Shabir Ahmad Shah popularly known as Shabir Shah (born 14 June 1953), in Kadipora, Anantnag, Kashmir is the founder and president of the Jammu and Kashmir Democratic Freedom Party (JKDFP), one of the main separatist political organizations seeking "right of self-determination" to Jammu and Kashmir. Having spent 32 years of his life in jails, he is known as the "Jail Bird", "Nelson Mandela of Kashmir" and recognised by Amnesty International as "The Prisoner of Conscience."

Birth and childhood
Born in a business family of South Kashmir's Kadipora town in district Anantnag on 14 June 1953. Shabir Ahmad Shah Varrier did his early schooling at Government Middle School, Sarnal, Anantnag and passed a higher secondary examination from M.I. Higher Secondary School, Anantnag but could not continue his studies due to affiliation with various students’ leagues for which was jailed at very early age.

Shah's father was Ghulam Mohammad Varrier, who was a Block Development Officer.

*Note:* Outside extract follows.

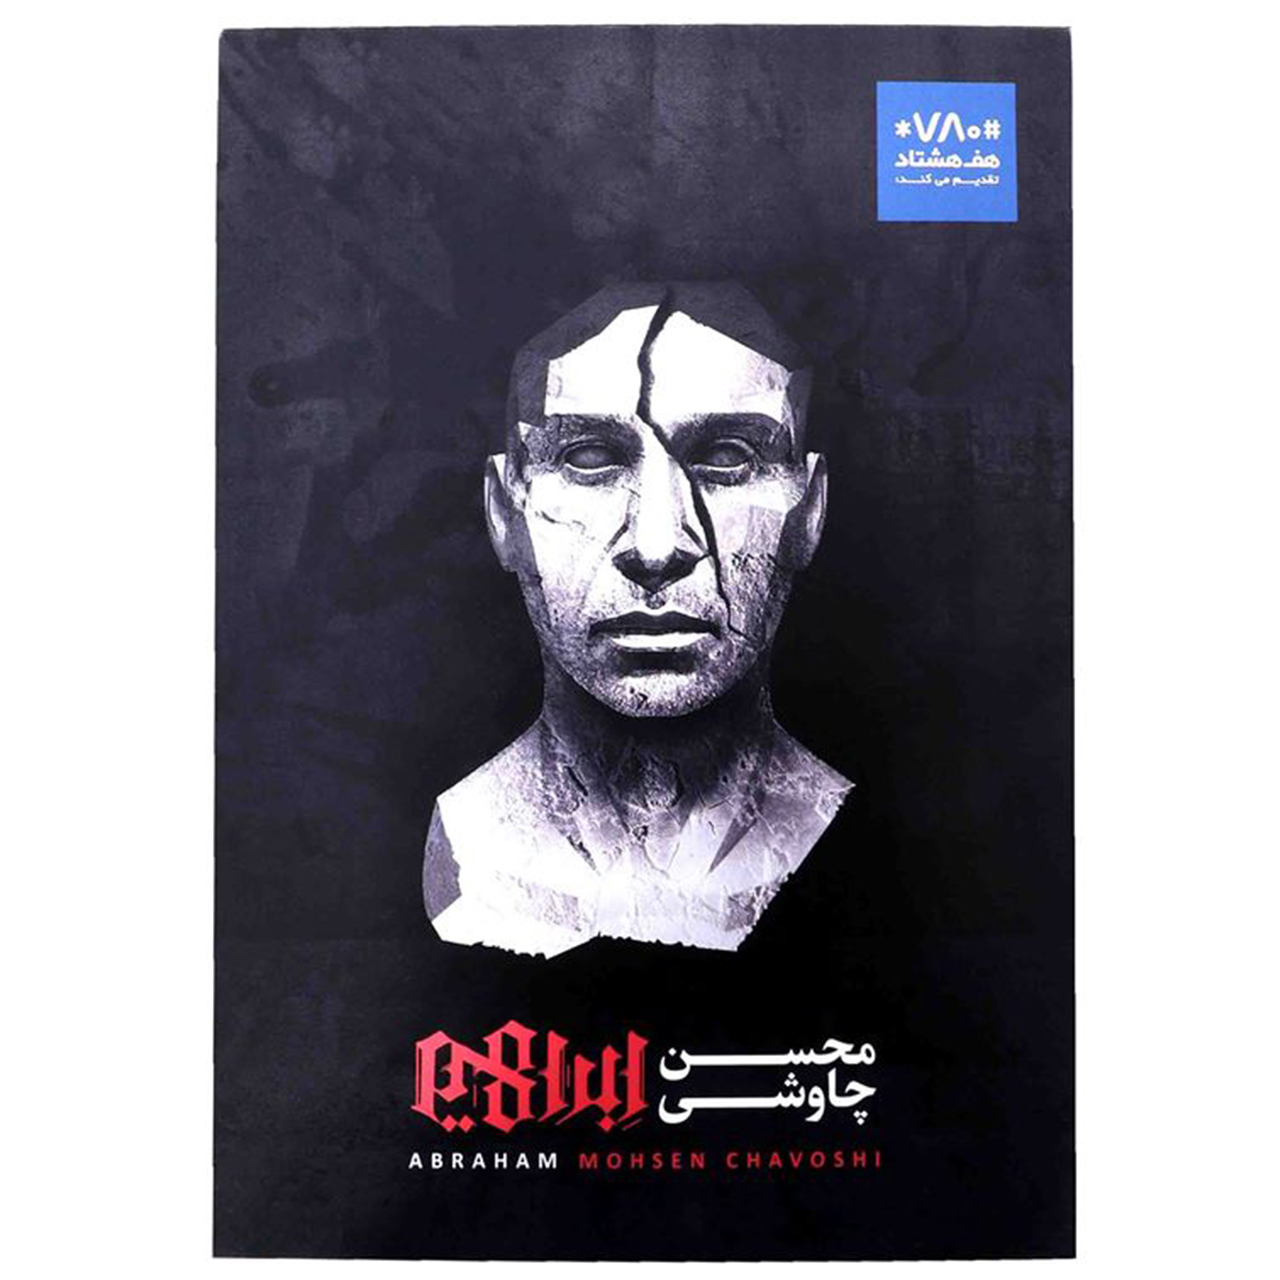 آلبوم موسیقی امضا شده ابراهیم اثر محسن چاوشی بسته بندی VIP به همراه کتاب امضا شده منجنیق اثر حسین صفا

He apparently died in police custody in 1989.

Personal life
Shabir is married to Bilquies Shah, a doctor by profession, and they have two daughters - Sehar Shabir shah and Sama Shabir shah.

In December 2021, it was reported that Shah was "gravely ill" in prison.

Political career

Men’s League to People’s League 

Shah's political career began in 1968 when at the age of 14, he led a demonstration against the Indian government in Kashmir following which he was arrested and was kept in police lockup for three months. Soon Shabir Shah and his colleagues formed the Young Men's League. He along with the league activists were arrested time and again which affected Shah's education.

During his confinement in Central Jail Srinagar, Shah met several resistance leaders including Nazir Ahmad Wani (Al-Fateh), Abdul Majid Pathan (Youth League), Altaf Khan alias Azam Inquilabi (Students Islamic Organization) and other leaders like Ghulam Qadir Hagroo with whom he discussed future plans for fighting for the right to self-determination. While Shabir Shah was still in jail, his associates Nazir Ahmad Wani, S. Hamid, Fazal Haq Qureshi, Abdul Majid Pathan and others formed the Jammu and Kashmir People's League on 3 October 1974, with Nazir Ahmad Wani as its chairman and Abdul Majid its General Secretary. This newly formed organization tool strong exception to the Indra-Abdullah Accord (1975) and organized rallies throughout the State.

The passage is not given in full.